Keywords :- Osteoporosis, Osteoclast, Bone mineral density, Rank L, Monoclonal antibody.
Osteoporosis is a disorder of impaired bone strength associated with skeletal fragility and fracture risk(1). It is a common and costly disorder associated with significant mortality and morbidity. Painful vertebral fractures are most common complications (2). Spine fractures, Hip fractures, Height loss, Kyphosis, back pain and impaired physical and psychological function occurs with Osteoporosis. Estrogen deficiency in females at menopause, Androgen deficiency in men, Vitamin D deficiency in both sexes are some important leading causative factors of Osteoporosis(3).
Low-bone mineral density (BMD) is an important risk factor for fractures associated with osteoporosis(4).
Denosumab is an investigational new drug with a novel mechanism of action that is being developed for use in the management of Post menopausal osteoporosis.
Denosumab is a fully human monoclonal antibody (IgG2 immunoglobulin isotype) with a high affinity and specifity for human receptor activator of nuclear factor – K B ligand (RANK.L) and blocks the binding of RANK-L to RAN K.RANK- is a 316 AA transmembrane protein expressed by osteoblasts, synovial fibro blasts and activated T.Cells. RANK-L bind to and activates its receptor RANK, a transmembrane protein receptor on the surface of osteoclast precussors and induces the differentiation, activation and enhanced survival of osteoclasts, leading to enhanced bone resorption(5).
Upon binding of RANK-L to RANK; TRAF-6 a member of a family of tumor. Necrosis factor signal transducers is recruited to carry signals down stream through several cascades including nuclear factor K-B and mitogen activated protein kinases Osteoprotegerin is a natural inhibitor of RANK-L preventing RANK-L from binding to its Osteoclast receptor.Denosumab by blocking the binding of RANK L to RANk inhibits the maturation of Osteoclast and the drug mimics the endogenous effects of Osteoprotegerin(6).
The Pharmaco Kinetics of Denosumab are nonlinear with dose. The absorption, distribution, bioavailability and elimination of Denosumab have not been well defined. It is given by subcutaneous route and probable bioavailability is in the range of 50-100%(7).It has long plasma half life, ranges from 26-32 days. Clearance is probably by the reticulo endothelial system and no significant circulating Denosumab appears to be filtered and excreted by the Kidneys.
Adverse drug reactions
Frozen bone, Immuno suppression, Osteonecrosis of jaw are very rare complications.Eczema, cellulites are the other minor side effects. Otherwise the drug is well tolerated and safe when compared with other existing drugs used in the treatment of Osteoporosis(8).

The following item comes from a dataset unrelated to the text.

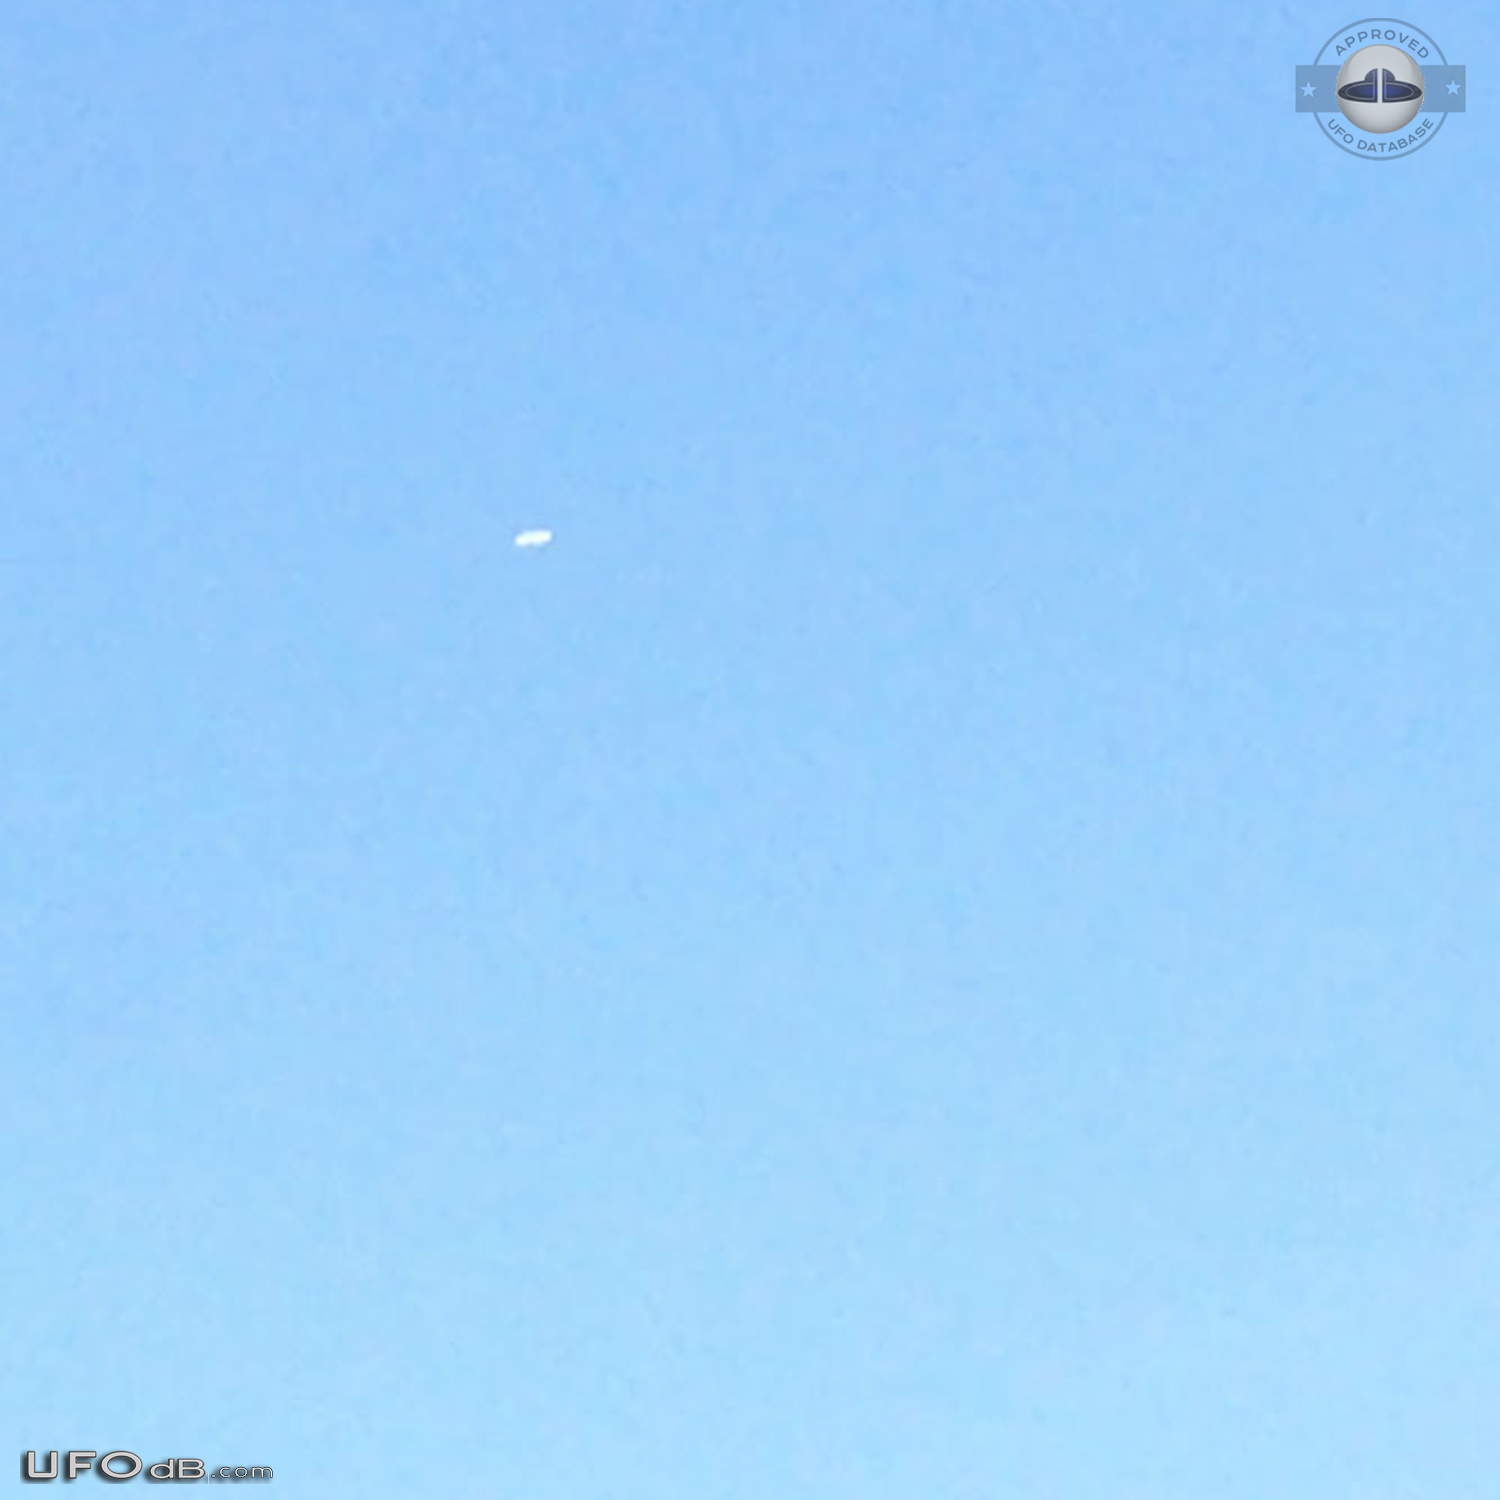 Saucer UFO seen on travelling train in Edinburgh Scotland January 2014 UFO Picture #654-2

No evidence of drug interaction has been reported so far. It can be safely combined with Anabolic agents in the treatment of Osteoporosis which is not so with bisphosphonates.
Uses :- Post Menopausal osteoporosis Rheumatoid arthritis, Multiple Myeloma, Giant cell tumor of bone, Hip fractures, Vertebral and non vertebral fractures, Kyphosis due to osteoporosis, Prostatic Cancer, Non metastatic Breast Cancer, Periprosthetic Osteolysis(9).
In various Phase-II and Phase-III clinical trials it has been proved that Denosumab is potentially safe and has many advantages over the other drugs like bisphosphonates and osteoprotegerin in the treatment of osteoporosis by having less side effects, long plasma half life and it can be combined with anabolic agents safely.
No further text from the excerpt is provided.